In chapter forty-seven, Jo’s Will, Jo, the homeless boy dies of
pneumonia. Jo’s sickness also almost caused Esther to catch the disease, and
later apologizes for it by asking Snagby to confer a letter for him to Esther.
Jo’s death was dicken’s portrayal of innocent children dying. He implies that
England at the time was callous of death by people who are homeless and living
in the streets. In this scene, Dicken’s explores a graver issue. He was
showing, in fact, calling to social consciousness, whether England has really
transformed as this creature that it neglects its responsibilities. Again,
Dickens was criticizing the incompetency of the courts—through the overall
effect of the red tapes and bureaucratic control of the institutions that
should have resolve conflicts. In this case, Dickens examines a larger
perspective of death in contrast to the individual deaths of Tom J. and Nemo.
Jo’s death was more of a social symbolism.
Finally, in chapter
sixty-five, Down in Lincolnshire, the
perennial case of Jarndyce and Jarndyce comes to an end as the court dismisses
it. It was found that the new will was irrelevant in the first place. Those who
were trying to pin their hopes with it for a long time would be immeasurably
disappointed such as the case of Richard. Richard has been a ward of Chancery
in the case, but is irresponsible and inconstant. Tormented that he gets
nothing, he dies due to the imprudence in putting too much faith in the case.
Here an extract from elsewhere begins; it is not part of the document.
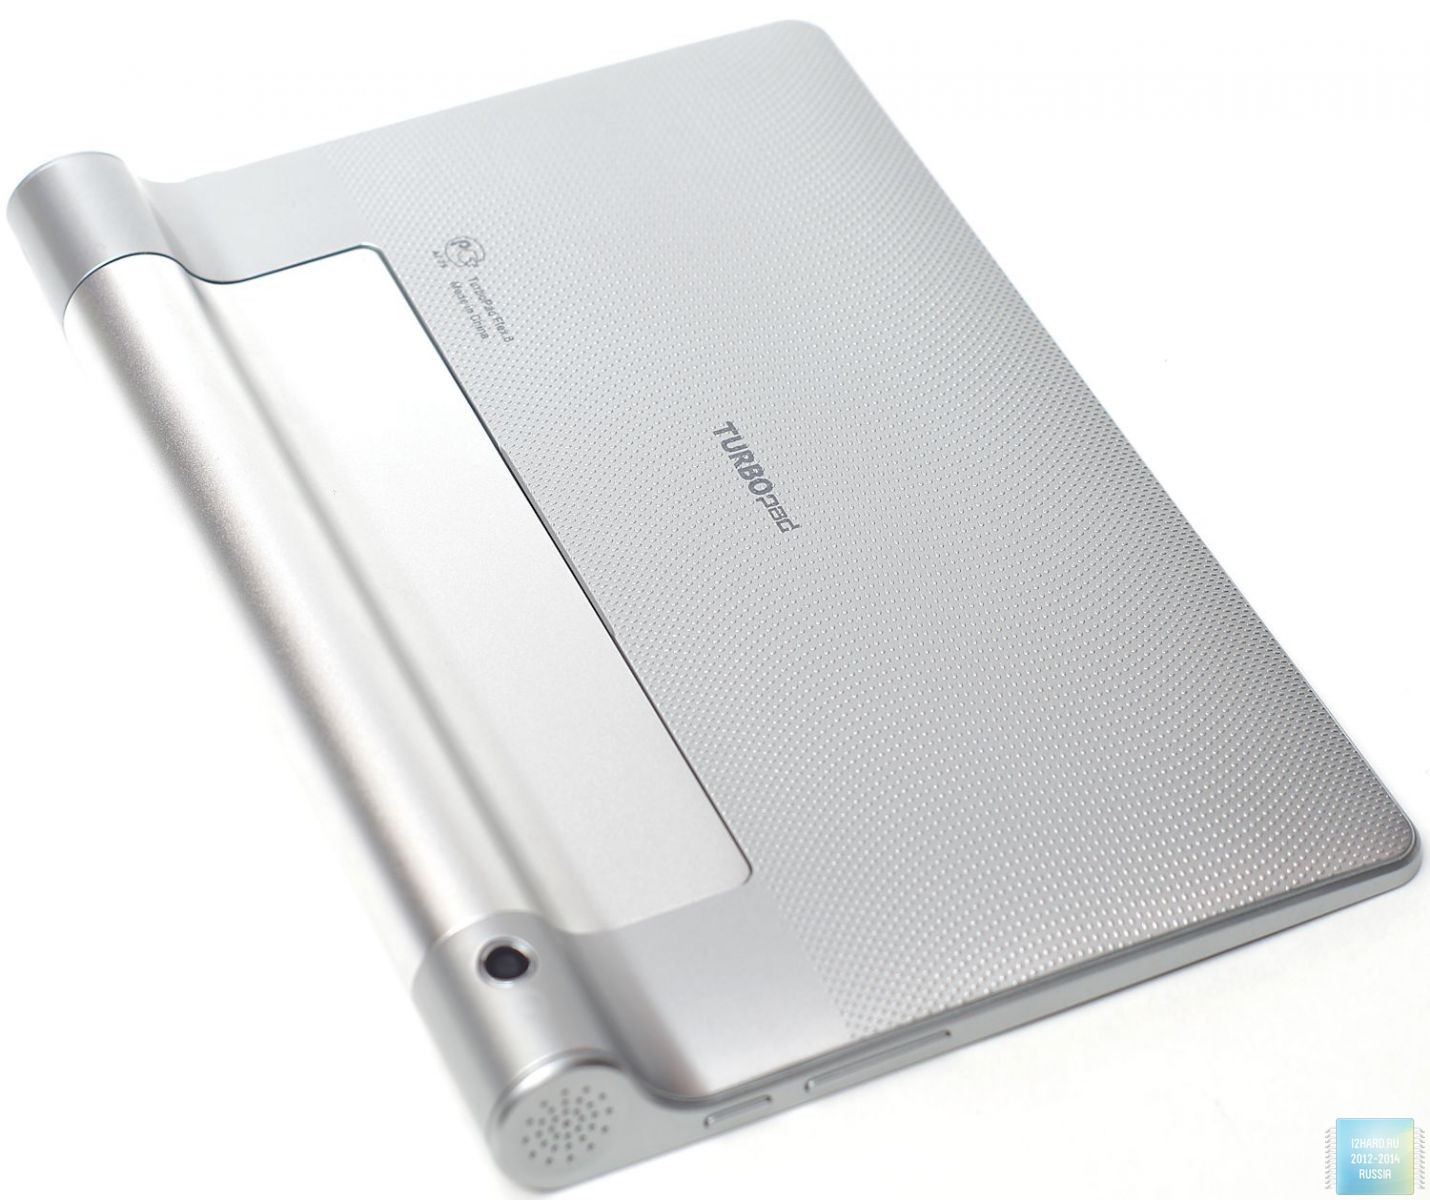 Внешний вид 8" планшета TurboPad Flex 8

In the end Richard asks forgiveness of John Jarndyce and Ada Clare, his lover.
Richard’s death was a foreshadowing
orchestrated by Dickens. The Bleak House ran
as a serial and readers would like to know in the end how the Jarndyce and
Jarndyce case would be resolved. Many hoping the courts would do their
resolution. But the readers, like Richard, would be disappointed—as was the
primary intention of the author. The death scene here was the exclamation mark
against the Chauncery courts, indicating how their imprudence negatively
affects society as a whole. Therefore, Bleak
House meant exactly its title. The world at the time was seeing such a bleak
time wherein death is used as a haunting spectre and surrender. Death was used
to instigate fear and admonition to people who pin their hopes to institutions
that are incompetent and is therefore calling for reform. In this regard, the
death scene of Richard is an indirect call for change.